Based on TireRack, they're fantastic:



https://www.tirerack.com/tires/tires.jsp?tireMake=Michelin&tireModel=Defender+T%2BH



The comment about the Michelins in rain might be hit or miss. My Energy Saver A/S's on my Volt are absolutely worthless when it is wet out, but that's more in the turning department and especially regarding wheelspin off the line (but 294 lb-ft of instantaneous torque will do that). On the freeway in rain, they've never posed a threat. 

I run Michelin Xi3 winter tires on the Volt and we run them on the Cruze as well, and those tires have excellent wet grip.

More expensive Michelin tires such as the PSS, PS4S, PS3+, etc all are known to be outstanding in wet weather...


----------



## obermd (Mar 3, 2012)

CruzeGuy14 said:


> Also if that was accurate don't you think those tires would be recalled? I have been using Michelin's for over 20 years, snow, ice, rain. No issues. Kinda harsh comment from an Admin?


Not considering my experience. I am now on my 7th set of Michelins - 4 OEM and 3 Retail. This 7th set might actually be decent in the rain but they still aren't as good as other tires I've purchased. The previous six sets were absolute garbage in wet conditions when compared to other brands of tires I've used. If you search this forum you'll see that I've held this position since I joined and haven't wavered from it. 

I also seem to be in the minority on this one, but it's based 100% on my personal experience with Michelin tires over the past 40 years of driving.


----------



## 375802 (Jul 9, 2019)

obermd said:


> Not considering my experience. I am now on my 7th set of Michelins - 4 OEM and 3 Retail. This 7th set might actually be decent in the rain but they still aren't as good as other tires I've purchased. The previous six sets were absolute garbage in wet conditions when compared to other brands of tires I've used. If you search this forum you'll see that I've held this position since I joined and haven't wavered from it.
> 
> I also seem to be in the minority on this one, but it's based 100% on my personal experience with Michelin tires over the past 40 years of driving.


Good for you!! That is your opinion, I have MINE..Thank you for calling my tires Garbage?

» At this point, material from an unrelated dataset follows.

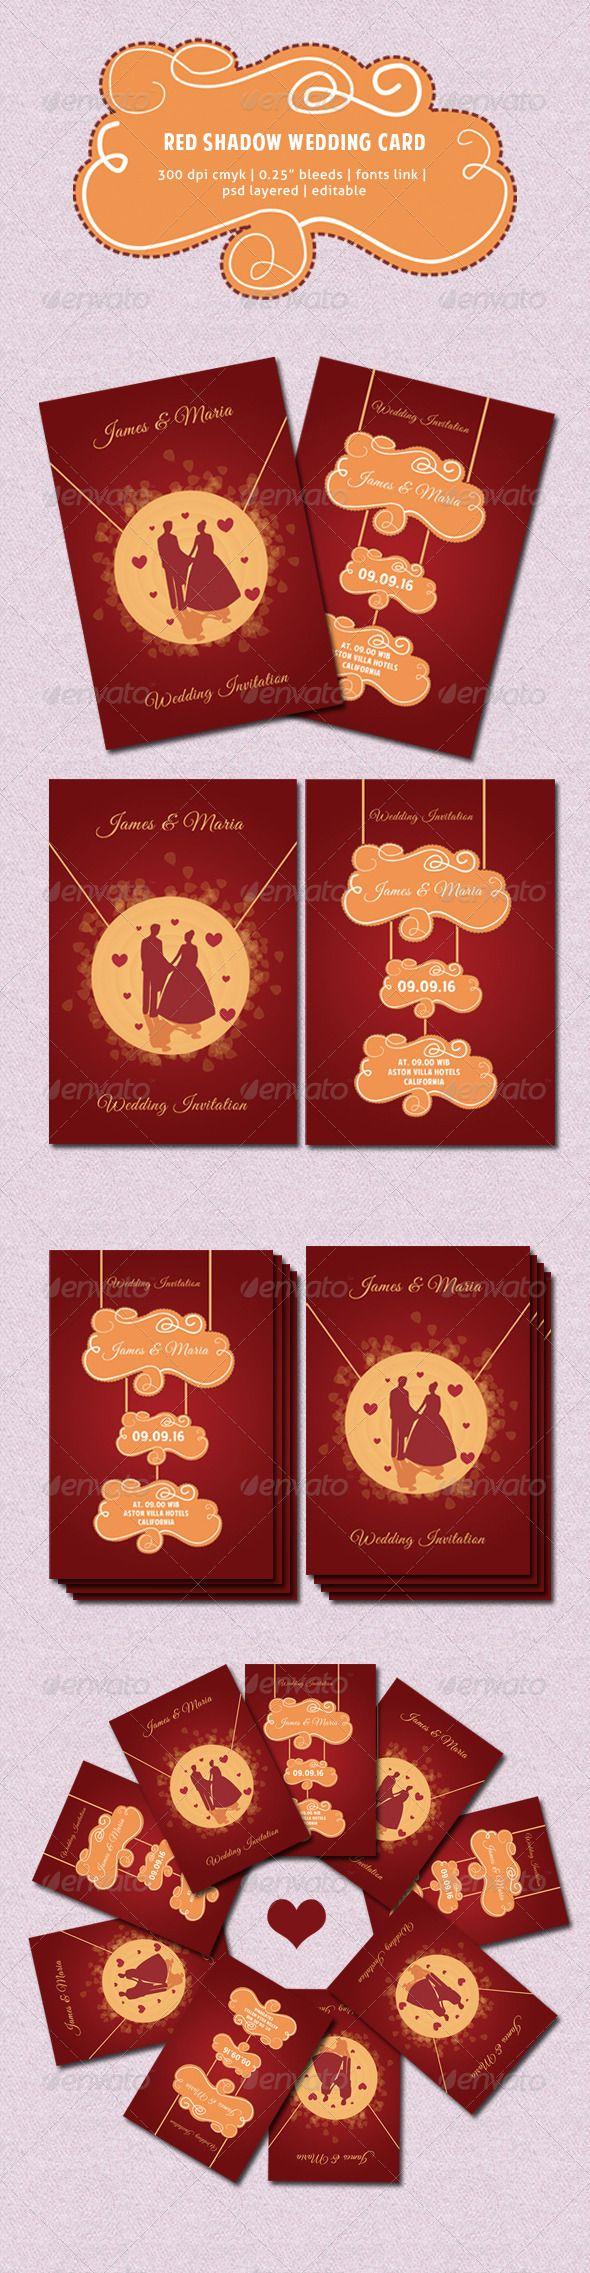 Red Shadow Wedding Card

How did you become an ADMIN ? SMH


----------



## cp-the-nerd (Jun 7, 2017)

obermd said:


> Not considering my experience. I am now on my 7th set of Michelins - 4 OEM and 3 Retail. This 7th set might actually be decent in the rain but they still aren't as good as other tires I've purchased. The previous six sets were absolute garbage in wet conditions when compared to other brands of tires I've used. If you search this forum you'll see that I've held this position since I joined and haven't wavered from it.
> 
> I also seem to be in the minority on this one, but it's based 100% on my personal experience with Michelin tires over the past 40 years of driving.

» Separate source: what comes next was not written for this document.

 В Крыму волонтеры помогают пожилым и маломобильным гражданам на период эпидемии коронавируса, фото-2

Seems bizarre you would buy 3 sets of retail Michelins if you think they're so awful in wet conditions. Many of Michelin's retail tire models are among the industry's best traction on wet surfaces according to Tire Rack user data and reviews. OEMs are a different story because manufacturers always make deals for cheaper, lower quality tires. I have not ever had a positive experience with a factory equipped tire.

I have experience with Michelin Defenders, Primacy MXM4, and Premiere A/S. All three are excellent in rain conditions. If X Tour A/S tires are based on the Defenders, their wet performance is great as well.


----------



## 375802 (Jul 9, 2019)

cp-the-nerd said:


> Seems bizarre you would buy 3 sets of retail Michelins if you think they're so awful in wet conditions. Many of Michelin's retail tire models are among the industry's best traction on wet surfaces according to Tire Rack user data and reviews. OEMs are a different story because manufacturers always make deals for cheaper, lower quality tires. I have not ever had a positive experience with a factory equipped tire.
> 
> I have experience with Michelin Defenders, Primacy MXM4, and Premiere A/S. All three are excellent in rain conditions. If X Tour A/S tires are based on the Defenders, their wet performance is great as well.


Well said.


----------



## 375802 (Jul 9, 2019)

cp-the-nerd said:


> Seems bizarre you would buy 3 sets of retail Michelins if you think they're so awful in wet conditions. Many of Michelin's retail tire models are among the industry's best traction on wet surfaces according to Tire Rack user data and reviews. OEMs are a different story because manufacturers always make deals for cheaper, lower quality tires. I have not ever had a positive experience with a factory equipped tire.
> 
> I have experience with Michelin Defenders, Primacy MXM4, and Premiere A/S. All three are excellent in rain conditions. If X Tour A/S tires are based on the Defenders, their wet performance is great as well.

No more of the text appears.